When drugs are excluded from a formulary, there must be an alternative or substitute available, and the authors of the study created a seven point system for establishing a viable alternative or substitute. Formulary drugs were compared to non-formulary drugs and given a score; the higher the number, the closer the match, or substitute.

Using this substitution method, the study found that prescription drug payments in California would decrease 29 percent with the Texas formulary and 70 percent using the Washington formulary. Likewise, the number of drug prescriptions would drop 17 percent with the Texas formulary and 39 percent using the Washington formulary.

Similarly, brand-name drugs are often a cause for high costs, and much like the substitution method, the use of generic drugs over brand-name drugs can result in cost savings. The CWCI study found that the Texas formulary would eliminate 42 percent of payments for brand-name prescriptions, and the Washington formulary would eliminate 95 percent.

In dollar terms, the study projected cost savings based on three levels of substitution matching. Using a lower range of substitute options the Texas system would save $225 million, and the Washington system would save $503 million. A median range, using middle cost substitutes and options, would produce an estimated cost savings of $182 million with the Texas system and $459 million with the Washington system. At an upper level, in which drugs would be matched to as close a substitute as possible, cost savings are estimated at $102 million and $364 million respectively. All states are not created equal, and what works for one may not work for another.
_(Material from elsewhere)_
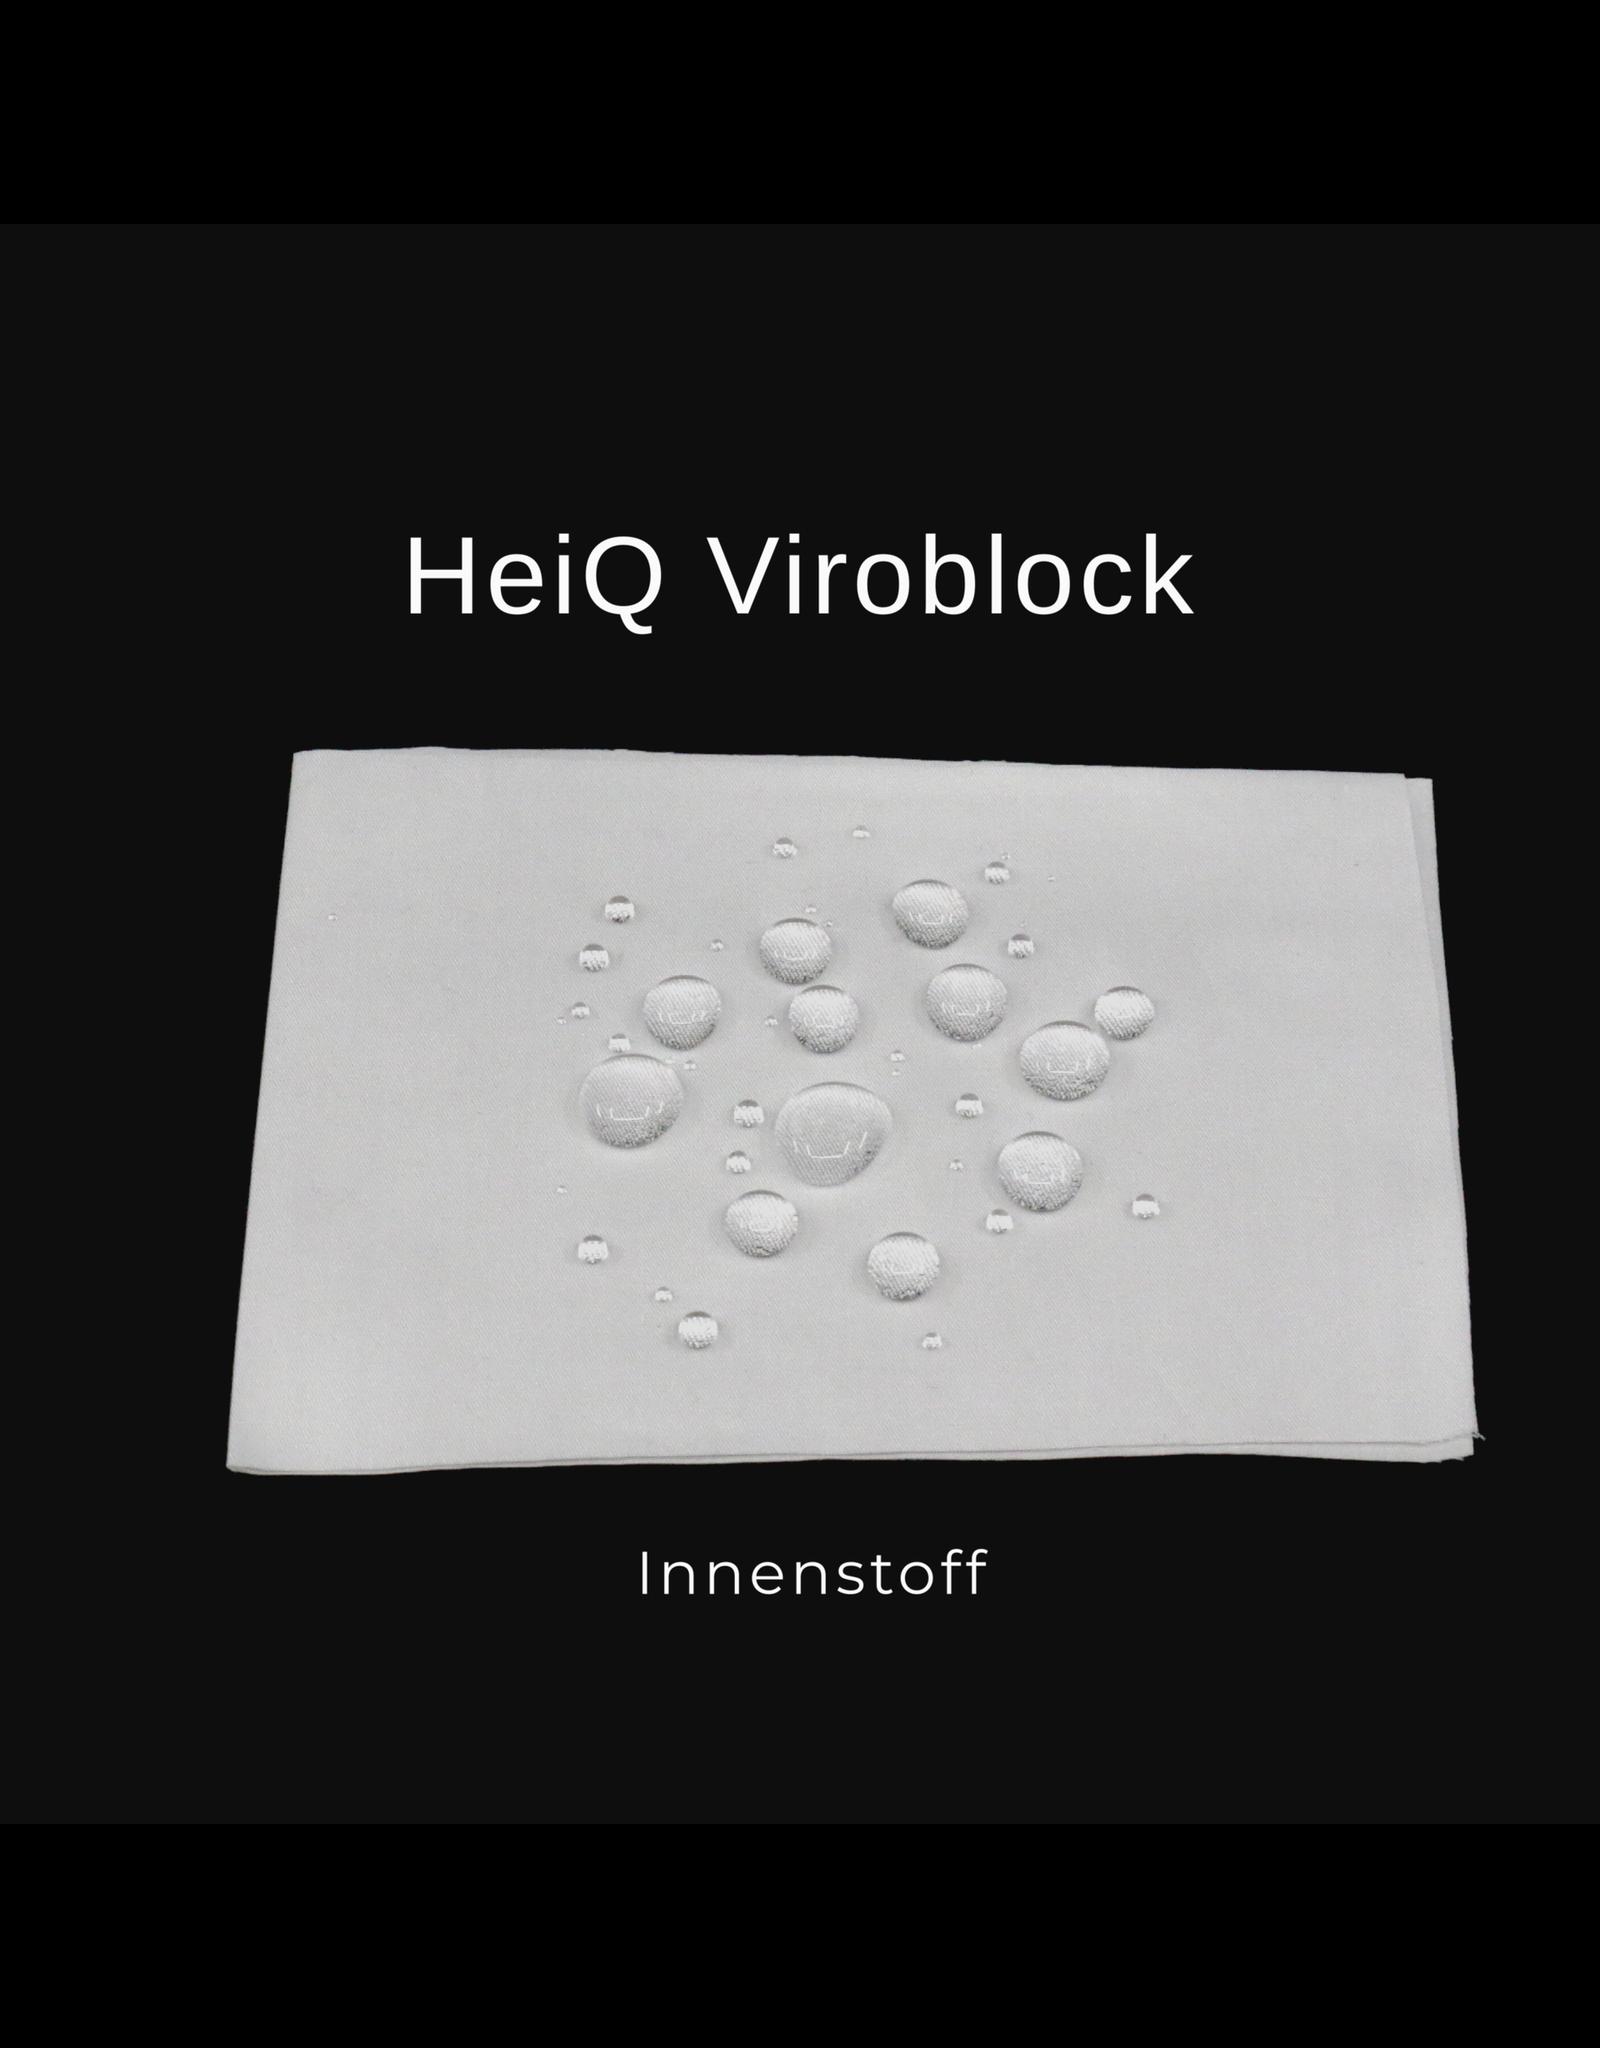 HeiqQ Viroblock Saas Fee

Regardless, the CWCI has presented a statistical projection of the cost savings California could expect using the formularies currently in use in Texas and Washington.
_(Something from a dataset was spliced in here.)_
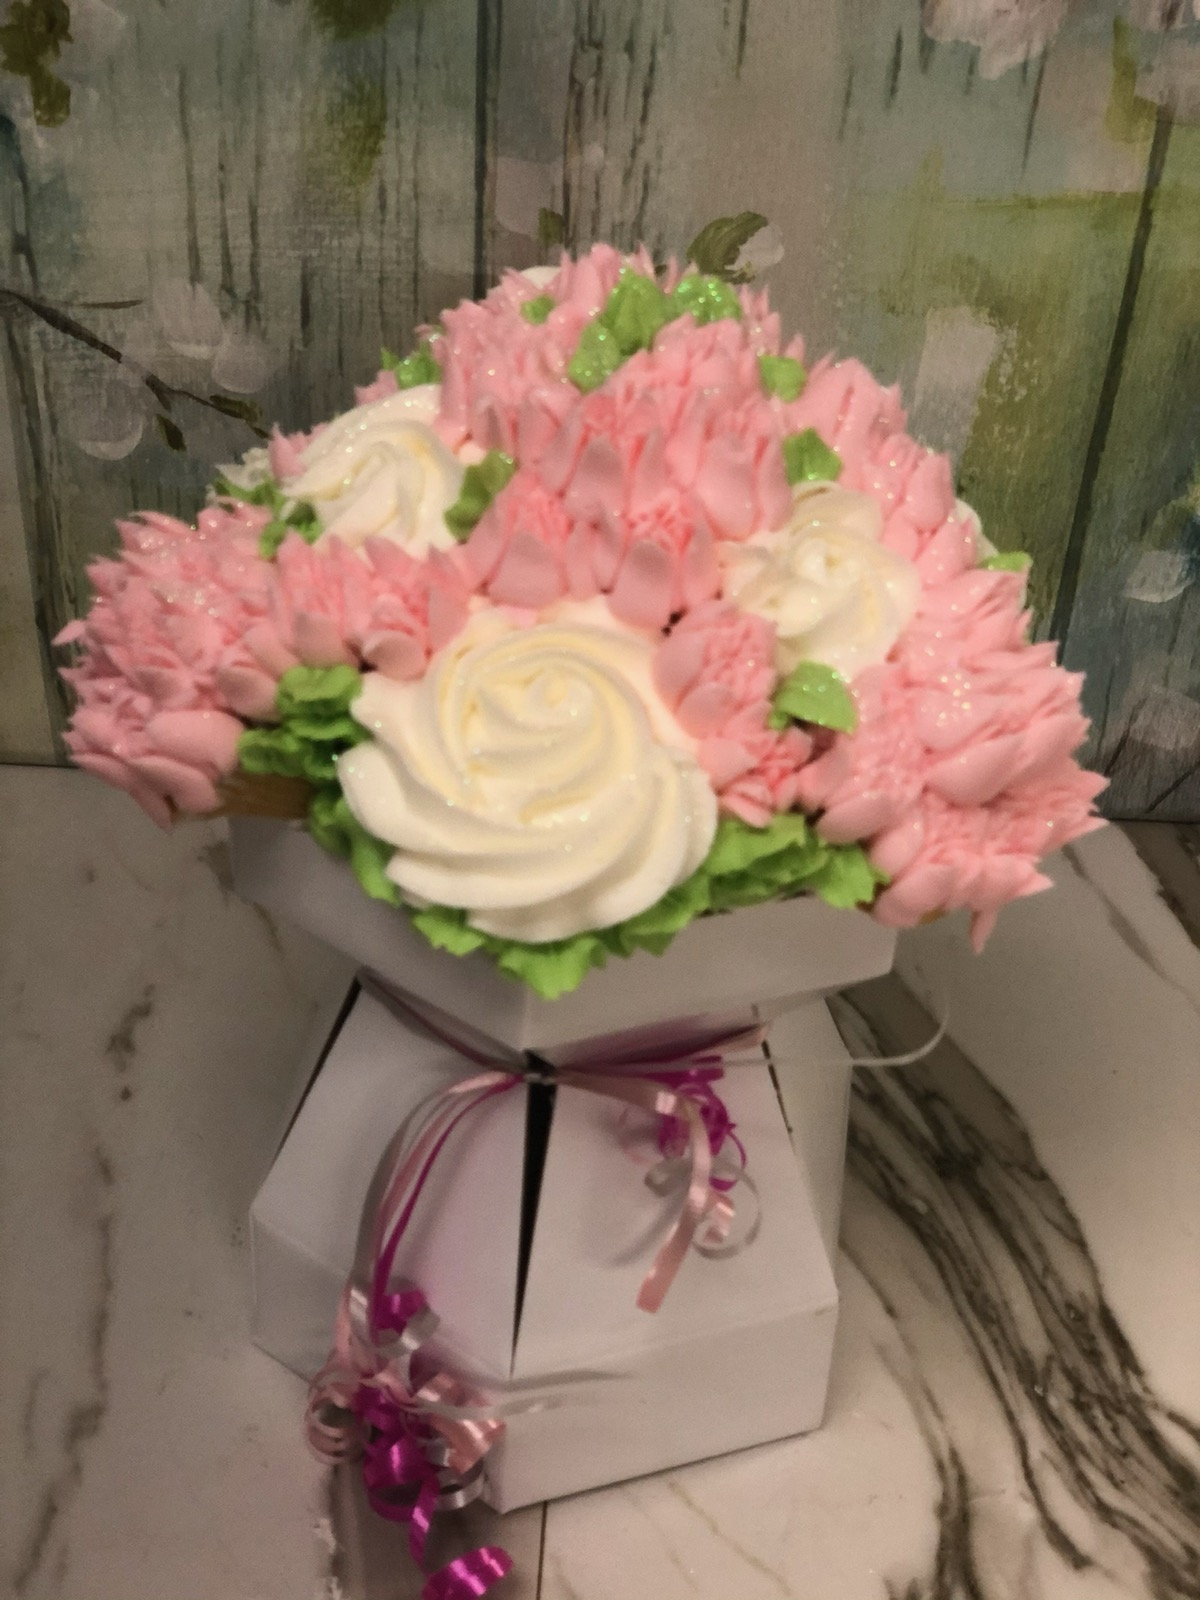 Cupcakes Bouquet (12 Cupcakes)

Like with sports teams though, some adjustment would be required as the component parts in the California workers’ compensation system differ from those in Texas and Washington. Ultimately, the question to ask is “What does success mean for the California workers’ compensation system?

If there are cost savings to be had, California should indeed study other states, like Texas and Washington, and implement something similar. Even a modified version of the Texas or Washington drug formulary could yield 10–25 percent savings for California. With comp premiums running $3.48 per $100 of payroll, California should leave no stone unturned in its quest to lower comp costs.